Interview Frequent: Talk about everything about HTTP caching

Interview Frequent: Talk about everything about HTTP caching

Speed, speed, and speed. If a website wants to provide a good experience, it must be displayed at the fastest speed in the first place. If MySQL query is slow, add a layer of redis for caching. If the website resources are slow to load, how to do it? Use HTTP cache.

HTTP caching has been around since HTTP/1.0 in order to reduce server pressure and speed up web page response.

Target of cache operation

HTTP caches can only store responses to GET requests and are powerless against other types of requests.

History of Cache Development

HTTP/1.0 proposed the concept of cache, namely strong cache Expires and negotiated cache Last-Modified. Later, HTTP/1.1 had a better solution, namely strong cache Cache-Control and negotiated cache ETag.

Why don't Expires and Last-Modified apply?

Expires is the expiration time, but the problem is that this time point is the server time. If there is a difference between the client time and the server time, it will be inaccurate. So Cache-Control is used instead, which indicates the expiration time, which is unambiguous.

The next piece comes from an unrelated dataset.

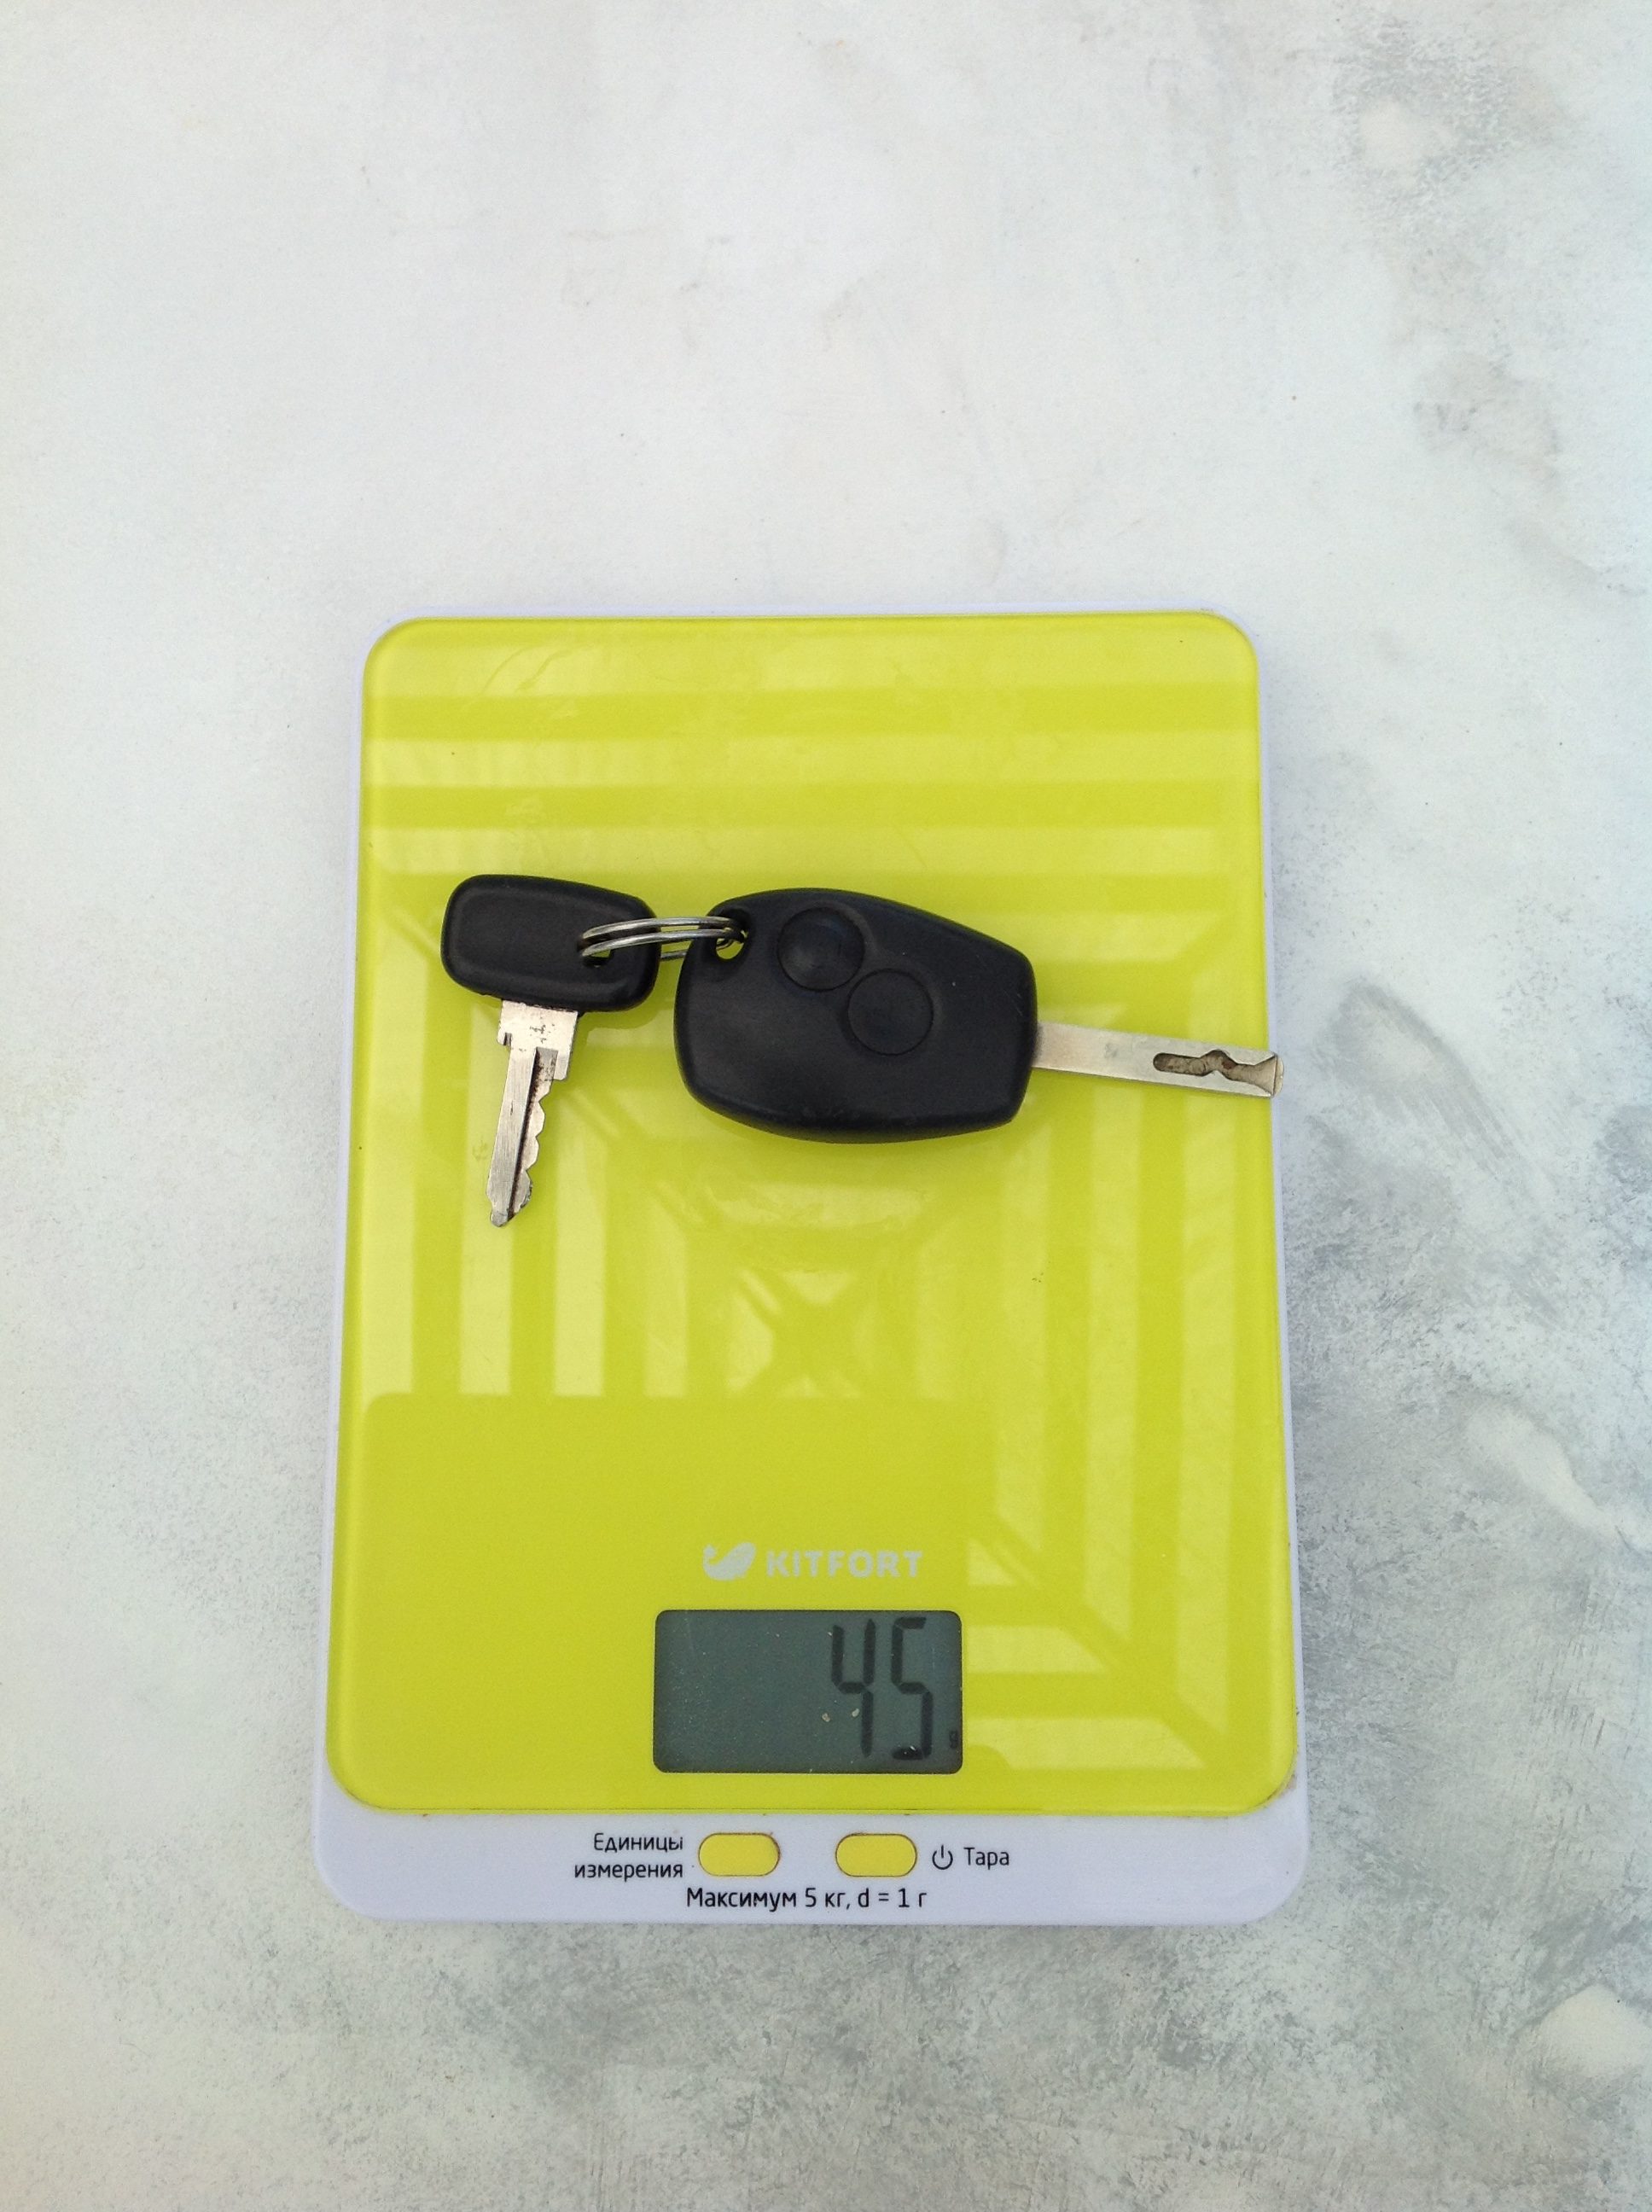 How much do Renault Clio III keys weigh?

Last-Modified is the last modification time, and the unit of time it can perceive is seconds. That is to say, if it is changed multiple times within 1 second, although the content file has changed, the display is still the previous one, which may be inaccurate. Therefore, ETag is used to mark resources through content to determine whether the resources have changed.

The following table is helpful for comparison and understanding:

Version Strong Cache Negotiation Cache HTTP/1.0 Expires Last-Modified HTTP/1.1 Cache-Control ETag.

Comparison of the two major cache types

The previous article introduced the cache types under different versions. At that time, there was a sentence about strong cache and negotiated cache, but no specific introduction. Now let's talk about these two cache types.

Strong Cache

Cache-Control

  • HTTP/1.1.
  • The cache is controlled by the expiration time. There are many corresponding fields, such as max-age. For example, Cache-Control: max-age=3600 means that the cache time is 3600 seconds and expires.
  • Cache request instructions: Cache-Control: max-age= Cache-Control: max-stale[=] Cache-Control: min-fresh= Cache-control: no-cache Cache-control: no-store Cache-control: no-transform Cache-control: only-if-cached.
  • Cache response directives: Cache-control: must-revalidate Cache-control: no-cache Cache-control: no-store Cache-control: no-transform Cache-control: public Cache-control: private Cache-control: proxy-revalidate Cache-Control: max-age= Cache-control: s-maxage=.
  • The key points are: Cache-control: no-cache Skip the current strong cache and send an HTTP request (if there is a negotiated cache identifier, directly enter the negotiated cache stage) The meaning of no-cache is the same as max-age=0, that is, skip the strong cache and force refresh Cache-control: no-store Do not use cache (including negotiated cache) Cache-Control: public, max-age=31536000 Generally used to cache static resources public: The response can be cached by intermediate proxies, CDN, etc. private: Dedicated to personal cache, intermediate proxies, CDN, etc. can cache this response max-age: The unit is seconds.
  • For more instructions, refer to the instruction list.

Expires

  • HTTP/1.0.
  • Syntax: Expires: .
  • That is, the expiration time, which exists in the response header returned by the server. Expires: Mon, 11 Apr 2022 06:57:18 GMT means that the resource will expire at 6:57 on April 11, 2022. If it expires, a request will be sent to the server.
  • If the "max-age" or "s-max-age" directive is set in the Cache-Control response header, the Expires header will be ignored.
  • Disadvantage: The server time and browser time may not be consistent.
  • For more instructions, refer to the instruction list.

Cache-Control VS Expires

  • Cache-Control is more precise than Expires.
  • When both exist, Cache-Control takes precedence over Expires.
  • Expires was proposed by HTTP/1.0 and has better browser compatibility. Cache-Control was proposed by HTTP/1.1 and can exist at the same time. When there is a browser that does not support Cache-Control, Expires will prevail.

Negotiation Cache

Negotiation cache needs to be used in conjunction with strong cache. The prerequisite for using negotiation cache is to set strong cache. Set Cache-Control: no-cache or pragma: no-cache or max-age=0 to tell the browser not to use strong cache.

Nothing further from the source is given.